PENTLOCKIN

Jailbirds Can't Fly

About

Complete at 75,000 words - representation and film-rights inquiries welcome.


Pentlockin — A psychological horror that traps its reader inside an urban legend.

Brynn Evesham questions the dead.

Her mother, gone for years. Her favourite aunt, buried only days ago.

And now, Walter Crimp, the former executioner at Pentlockin Prison.

Except Walter Crimp, known as The Gallows Man since the night the inmates who feared him took their revenge, answers back through whispers, obsession, and the promise of release.

Following a warning from a stranger in the cemetery, and desperate to repair her fractured bond with her father, Brynn begins to research the origin of The Gallows Man — the urban legend said to rise when the guilty go unpunished.

Grief and injustice intertwine with a mysterious symbol, a canary that draws her into a spiral of discovery. She learns that a headline riot in 1955 ended Crimp’s life, but the reason remains buried deeper than her trauma, reachable only at a price.

Determined to debunk the legend, Brynn’s investigation unravels into something far darker than folklore.

The deeper she digs, the further she falls.
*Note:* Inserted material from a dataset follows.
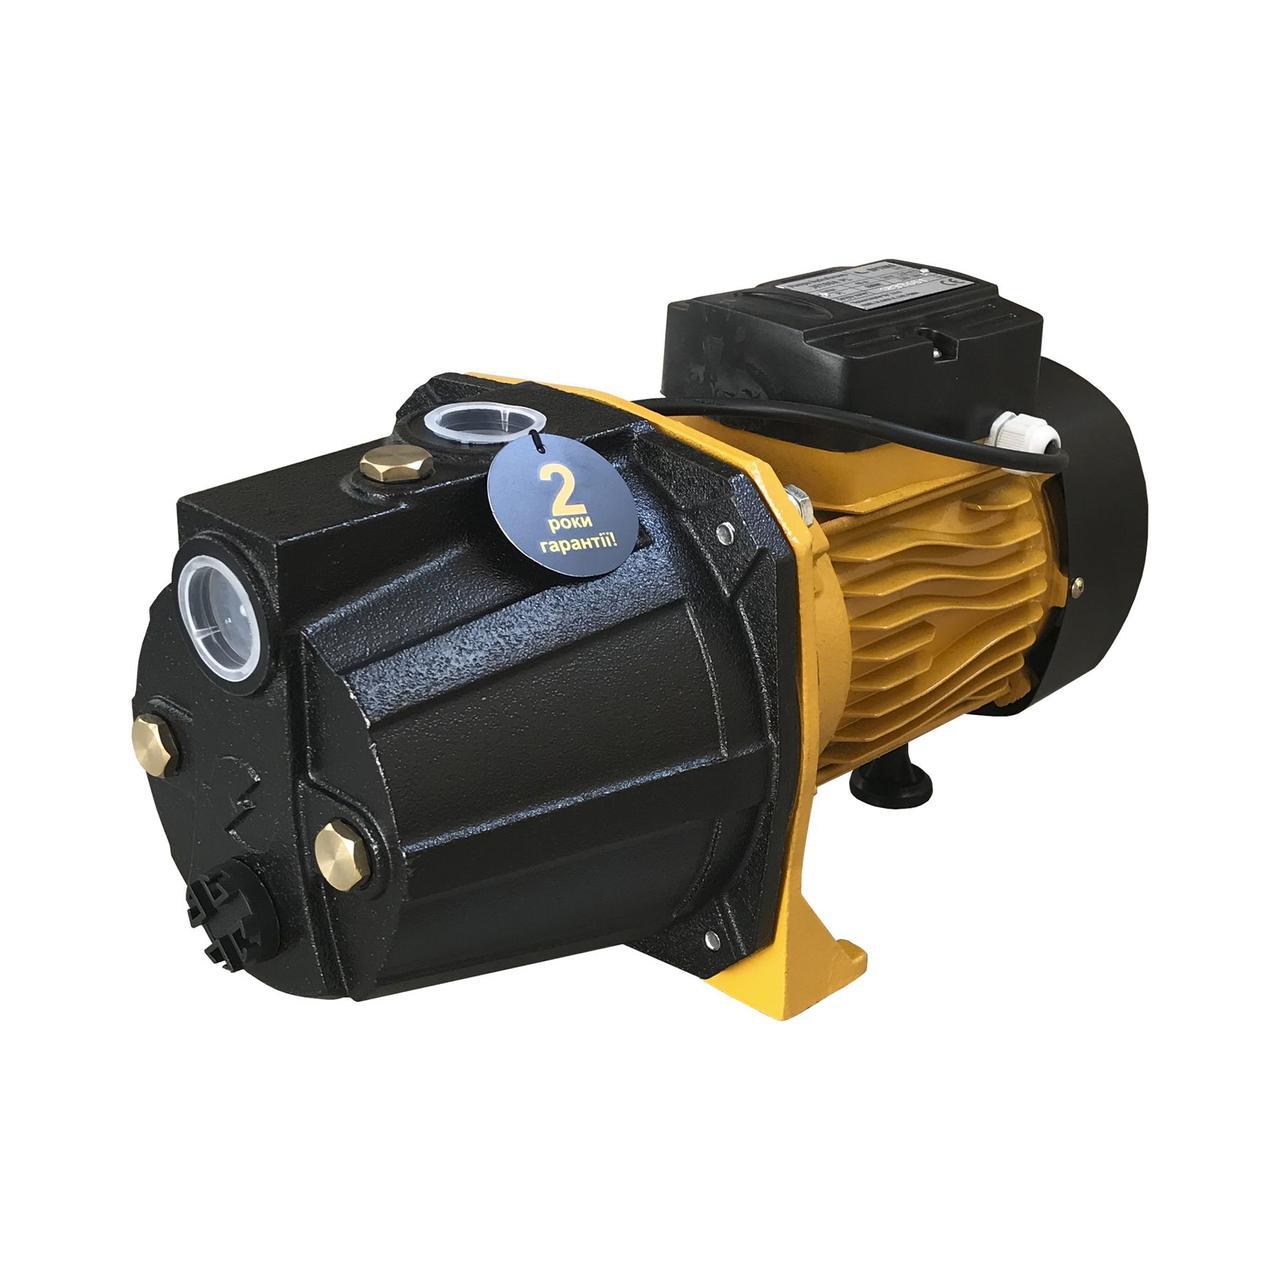 Насос центробежный Optima JET80A 0,8 кВт чугун короткий
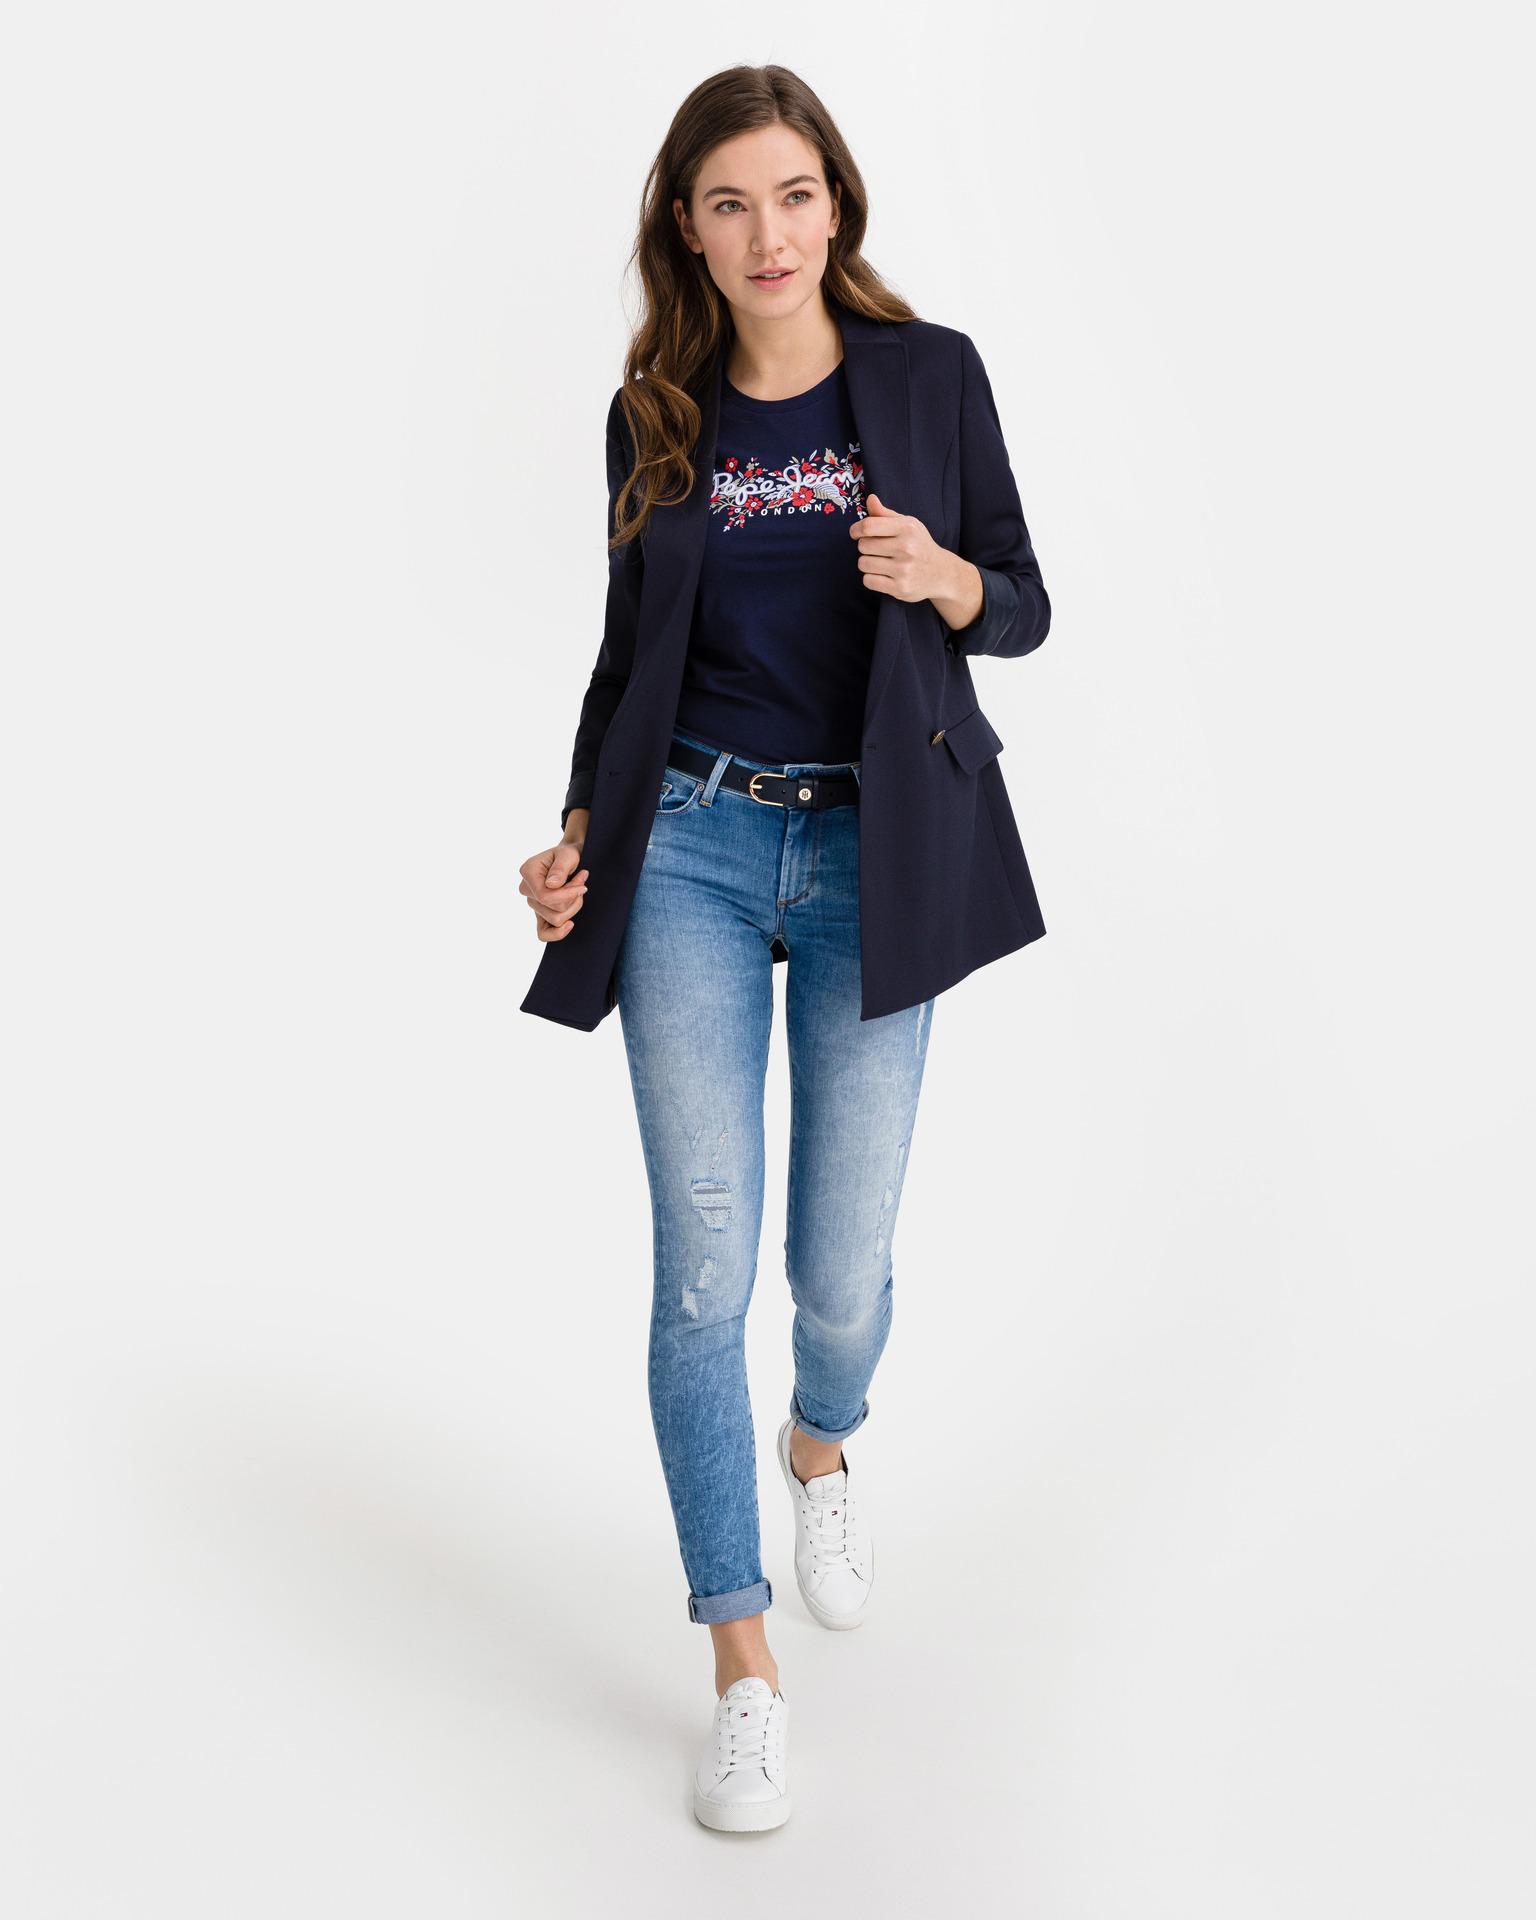 Pepe Jeans Maglietta donna blu Triko

Each revelation tightens the noose around her work, her sanity, her life. 

Grainy videos, origin clues, and desperate calls for help lead her back to Pentlockin, where Crimp still holds the key to survival or surrender. 

As the walls close in and history begins to repeat itself, Brynn must decide whether to expose the story or become part of it.

All she wanted was closure. What she found was him.

A grave awaits. Crimp’s, Brynn’s, or yours.


Pentlockin dismantles the mind through dread, illusion, and guilt.  It’s not a story you simply read. It’s a story that rewrites itself around you. 

Every scene shifts meaning when revisited. Details dismissed as background reappear as evidence. The book uses narrative sleight-of-hand and recontextualisation to implicate the reader in its horror.

At its heart is Walter Crimp: part legend, part memory, executioner, judge, horror returned.


Readers of Gillian Flynn, Jennifer McMahon, and Neil Gaiman will recognise the psychological depth and mythic undertone. Fans of The Green Mile, Fight Club, and The Haunting of Hill House will find the same moral unease and devastating emotional pay-off.


Concept mock-up created for visual reference. 

Praise for this book

“One of the most emotionally intelligent horrors I’ve ever read.”

My brain is still in limbo. I have NO clue what is actually real or not real. Like, it could go either way but it works SOOOO WELL

“As someone who never reads horror, I was stunned by Pentlockin. I was drawn in from the first page and terrified alongside Brynn. The ending had me questioning everything I thought I knew. This story refuses to leave my mind.”

A haunting, elegantly written psychological horror that grips from the first page and never lets go. With lyrical prose, mounting dread, and twists that linger long after the final reveal, Pentlockin is an unforgettable descent into fear and obsession.